It is known that cell migration is correlated with FA dynamics, i.e. cell motion direction is controlled by the FA spatial distribution and turn over. Cell migration is one of the important biological processes that are regulated by ECM-cell interaction35,62,63: it is fundamental for embryogenesis, development and for many other physiological processes such as tissue renewal or immune response. Migration is also pivotal for pathogenic processes (e.g. cancer), and tissue repair after injury. Controlled migration would be particularly desirable with stem cells in order to drive injected cells as rapidly as possible towards their target position. We showed that NGs do not strongly affect global migration parameters (path and speed), but can control movement direction. This property is consistent with previous studies with other cell types (e.g. fibroblasts) on similar anisotropic substrates32,64. We observed that on FLAT samples cells freely move in two dimensions, while on NGs their motion is confined along the pattern direction. This effect is tuned by pattern noise. For noise levels above 40%, the substrates are ineffective in directing cell motion.

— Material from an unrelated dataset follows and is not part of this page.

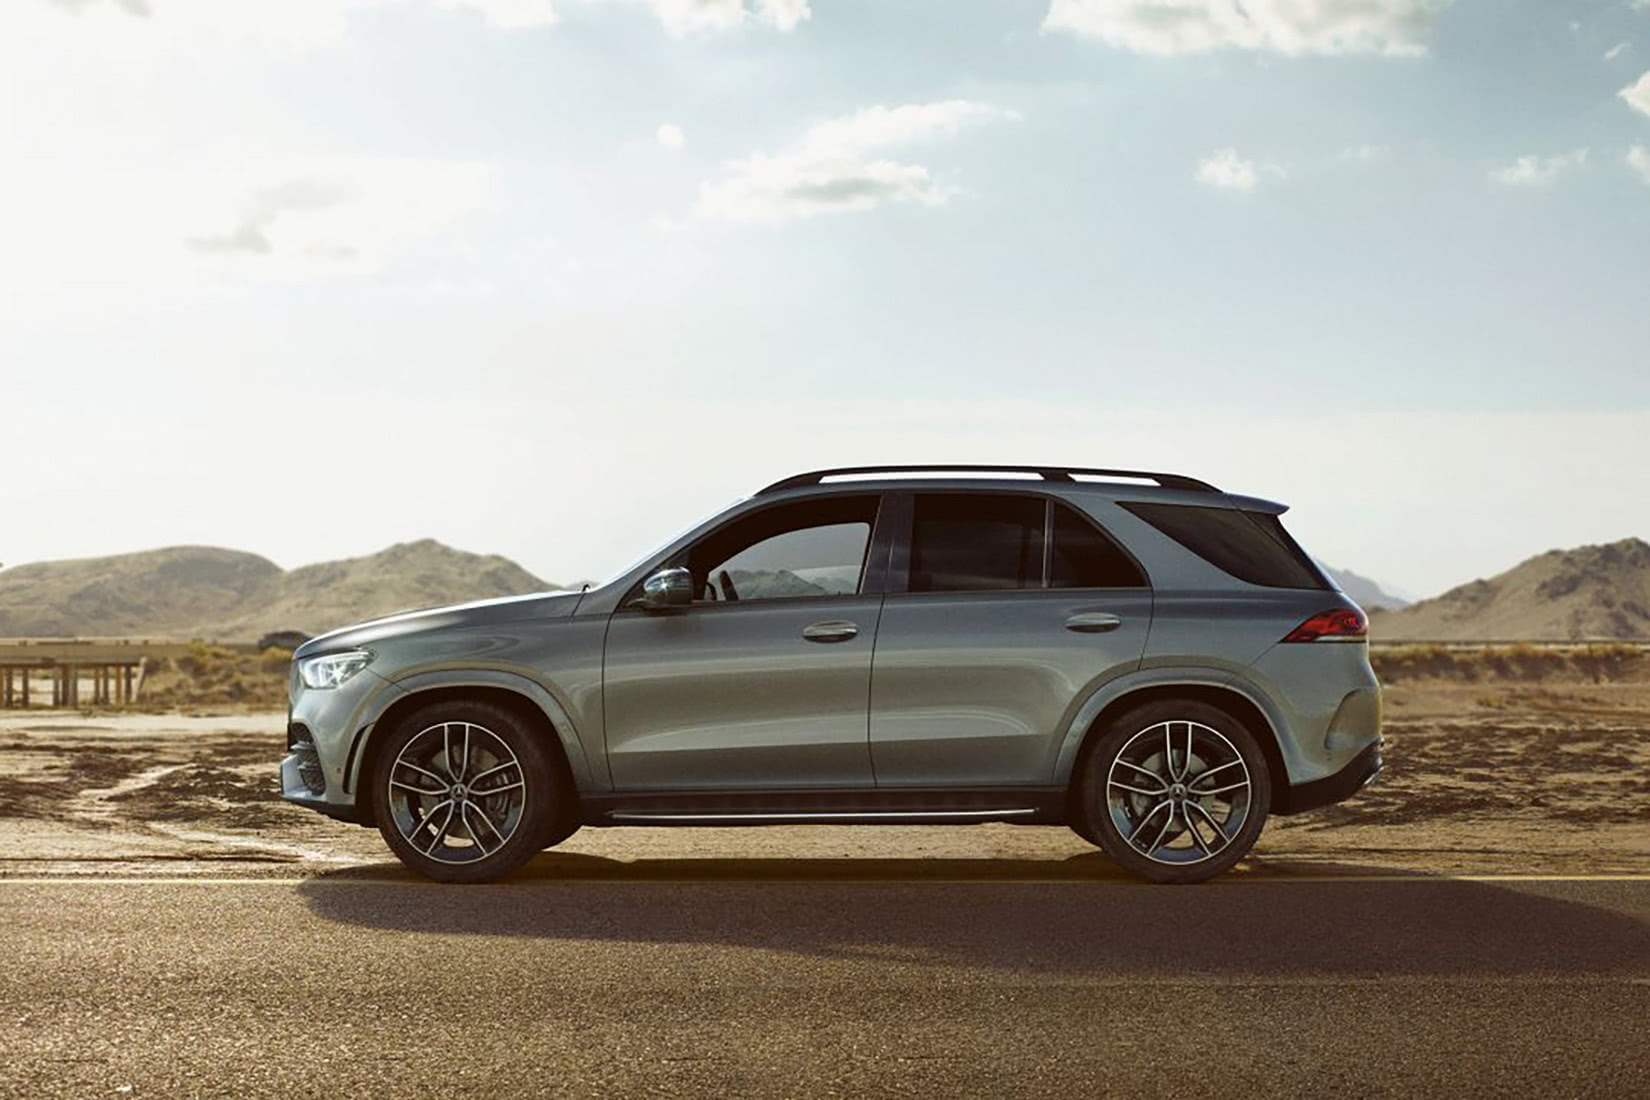 best luxury suv 2021 Mercedes-Benz GLE - Luxe Digital

Moreover we observed that noise interferes dramatically with NG topographical stimuli and does lead to loss of alignment. In order to better quantify the impact of noise on alignment and cell migration, we introduced a different parameter, δ based on the concept of substrate directionality (see Material and Methods, Eq. 1). δ measures the degree of directionality fed to cells, which is a function not only of surface geometrical properties, but also of the actual cell sensing area [δ = δ(A,p); where A and p are the average cell area and nanomodification (NM) density, respectively]. Note that δ is not an intrinsic substrate characteristic, but it depends on the biological system under consideration. Figure S6 shows δ = δ(AWJ-hMSC,p) calculated according to Eq. 1, with AWJ-hMSC = 3421 μm2 (i.e. the WJ-hMSC average area measured in our experiments) as a function of p. δ monotonically decreases with p, but with a marked non-linear behavior: δ reduces by 42% when the noise increases from 0 to 20%, but this effect rapidly saturates and further increase of p from 20% to 80% leads to a reduction in δ by only 8%. This shows that a significant variation in WJ-hMSC reaction to guiding substrates is already produced by a small amount of noise.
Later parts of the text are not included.